Exercise: Beneath this instruction is a listing; print exactly the lines in it starting at the line that contains "Eagle Staffing Solutions" and going through the line that contains "Chocolate Paste Refining, Chocolate".

Task material:
============

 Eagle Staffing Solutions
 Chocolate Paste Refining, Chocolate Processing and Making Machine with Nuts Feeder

============

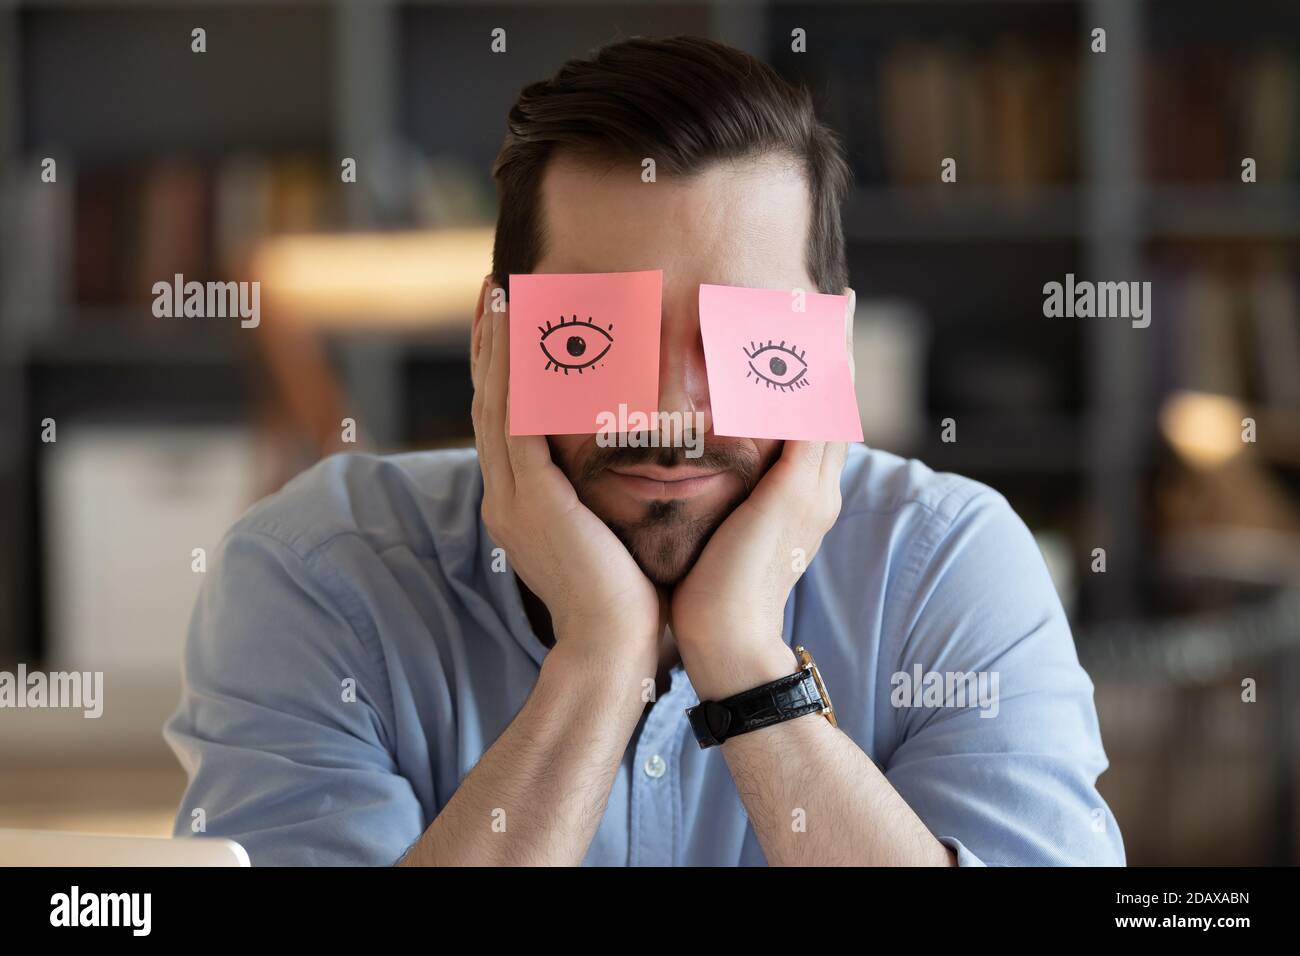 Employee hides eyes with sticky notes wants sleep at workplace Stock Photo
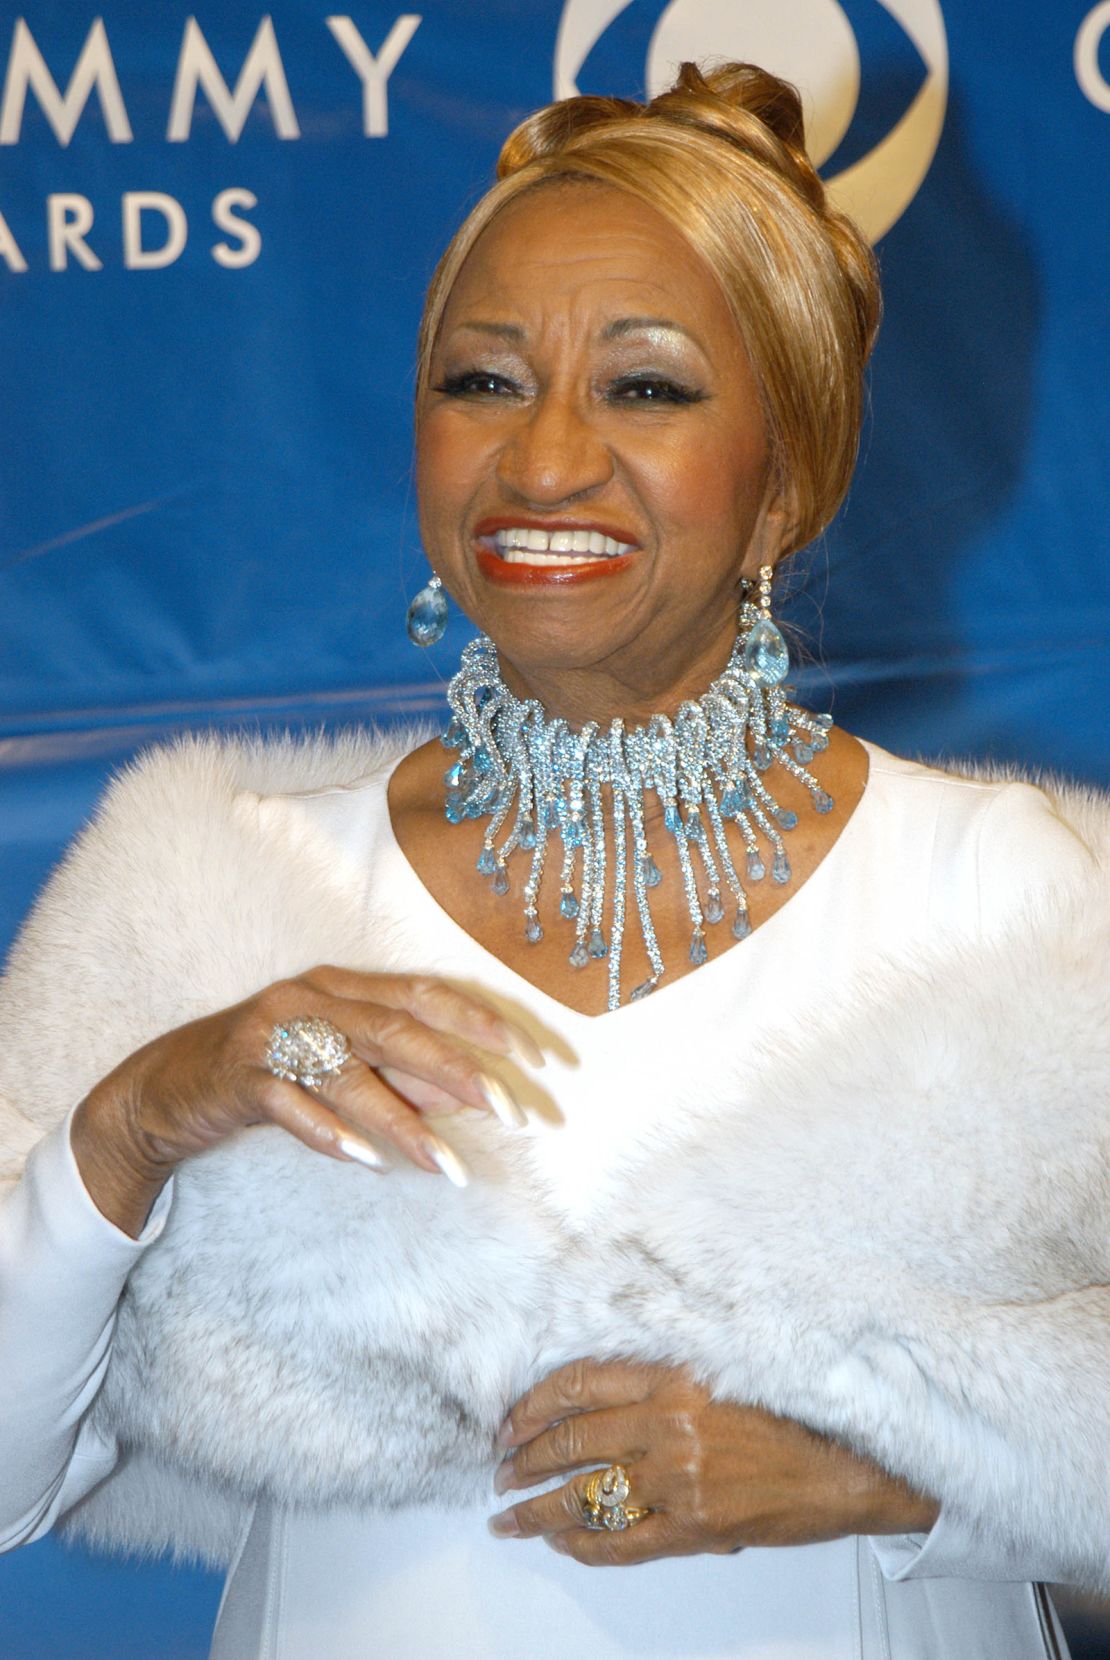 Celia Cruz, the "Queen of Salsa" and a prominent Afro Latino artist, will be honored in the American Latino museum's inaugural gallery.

============

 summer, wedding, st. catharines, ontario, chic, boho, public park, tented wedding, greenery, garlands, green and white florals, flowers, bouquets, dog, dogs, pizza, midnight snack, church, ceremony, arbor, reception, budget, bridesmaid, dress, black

============

Solution to the problem:
 Eagle Staffing Solutions
 Chocolate Paste Refining, Chocolate Processing and Making Machine with Nuts Feeder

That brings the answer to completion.